Yes, Matt Fraction's last solo event, Fear Itself, was pretty darn dire, and Inhumanity #1 read like a 20-page illustrated Wikipedia article titled "Stuff You Already Know."
But...
...but...the decision to blow up Attilan (what, the 8th or 9th time it has been "destroyed"?), as well as some of the things discussed in Inhumanity #1, have some promise. Removing the royal family from control of everything, and spreading out Inhuman status to thousands of people who didn't know that they were of Inhuman ancestry, who didn't have millennia of indoctrination as to how superior they were or how there was only one way that things could work or how Black Bolt was all that...that could be the first step in correcting many of my problems with the Inhumans.
As Karnak says in Inhumanity #1, "Without Attilan, no Inhuman has a home, or a capital. Or a King..." and later, to Medusa, "If you want to save Inhumanity, Your Majesty--you must forget everything you think you know. You will ignore your instincts and forget your past. Otherwise, all is lost."
So, maybe, this could be a clean break for the concept of the Inhumans, a fresh start, a rejection of the stagnation of the same old royal family, of the arrogant genetic elitism and caste systems and slavery and "bred to rule" and all that offensive nonsense. Maybe.

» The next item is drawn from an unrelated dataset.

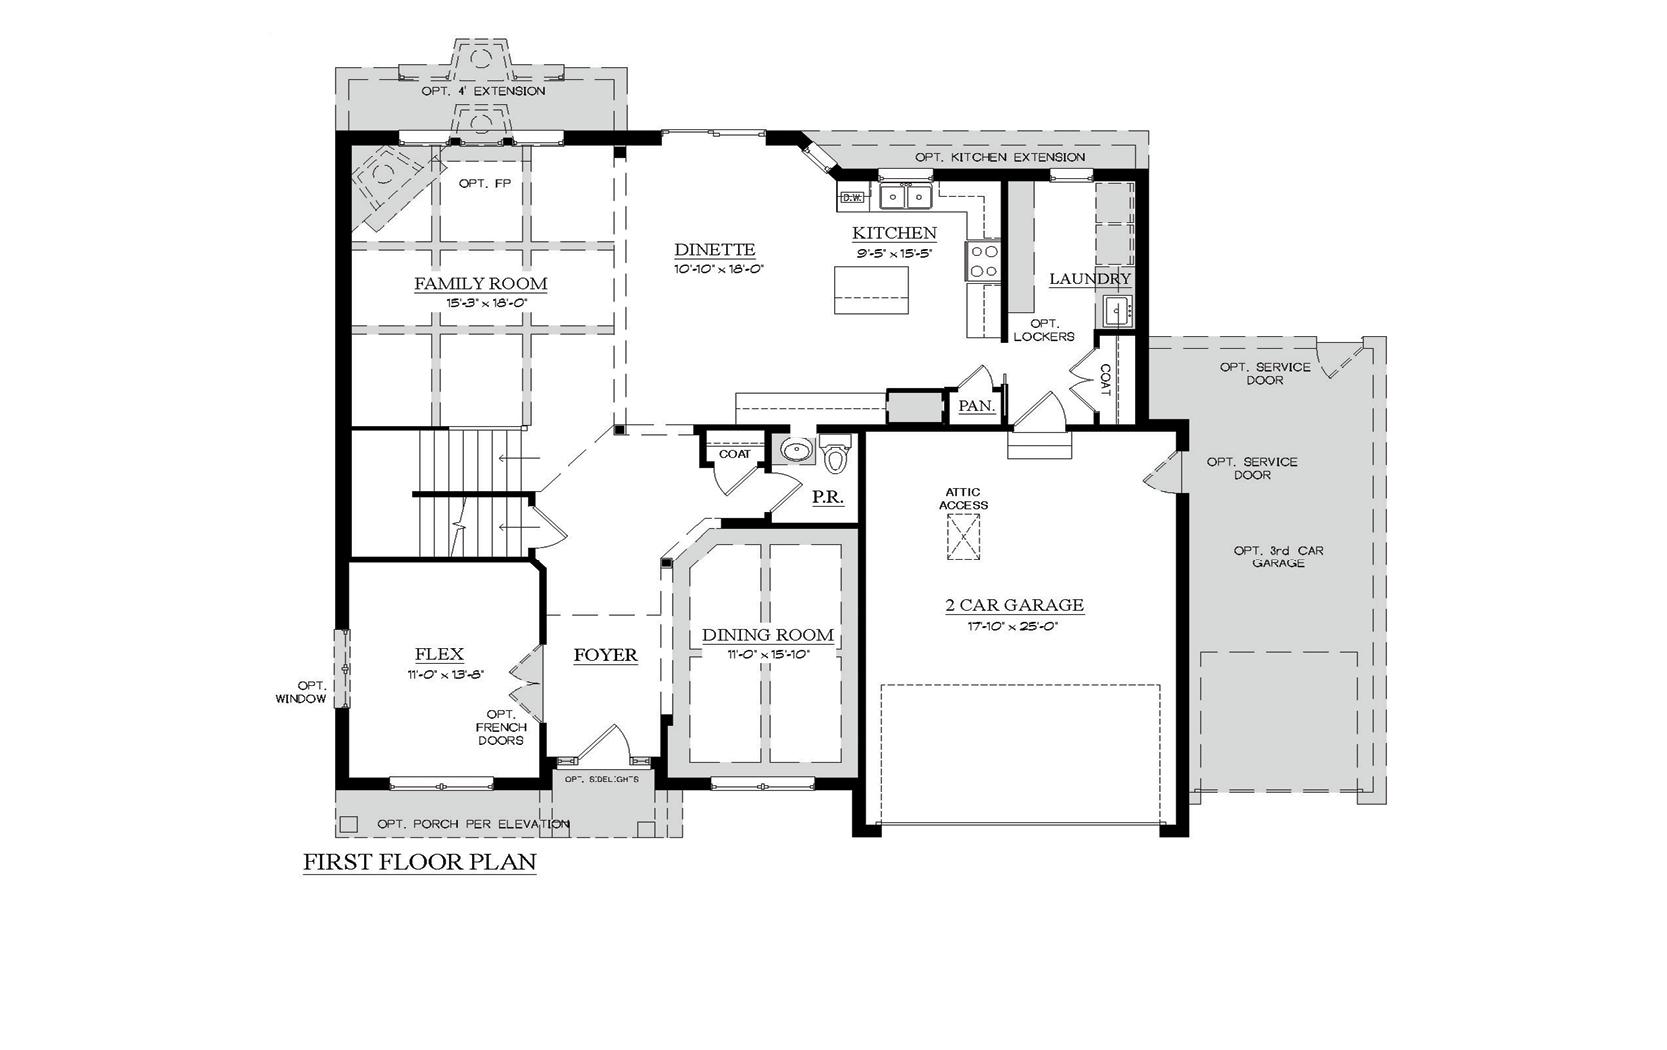 Keystone homes floor plans keystone homes floor plans for Keystone house plan

Maybe not, though. We still don't know how they're going to sufficiently distinguish this Inhuman malarkey from the mutant malarkey going on simultaneously. Will your average Marvel-616 citizen know--or care--about the difference betwixt a mutant and an Inhuman? Why would they react any differently? If they've traded the Inhuman status quo for "Mutants Lite," it won't mean new life for the concept, but rather eventual irrelevance.
So the jury is out. But for now, they have me paying a bit of attention...
4 comments:
A thought: every writer that takes on the Inhumans seems to have read the Lee/Kirby FF issues, maybe the Byrne one where they go to the moon or the Jenkins/Lee series...and that's it. There's no continuity with guest-spots or even the previous series. Most Inhumans series bring in a secondary cast besides the royals, never to be seen again in the next one. Attilan may or may not be destroyed, rebuilt, inhabited, or empty. Crystal may be involved with Johnny Storm, the Sentry, Ronan the Accuser, Black Knight, Quicksilver...
I'd bet the rules for the Terrigen Mists affecting humans depend on when you ask, too.
Humans? Hell, there have been at least 4 different explanations for how and why Terrigen affects Inhumans...
I like the New Gods better.
I watched the new TV show, "Marvel's Inhumans," and disliked it for the very reasons you mentioned. It seems that the show was trying to make me root for the (annoying) royal family, but I was actually rooting for Maximus to kick their over-privleged butts out and free the working class!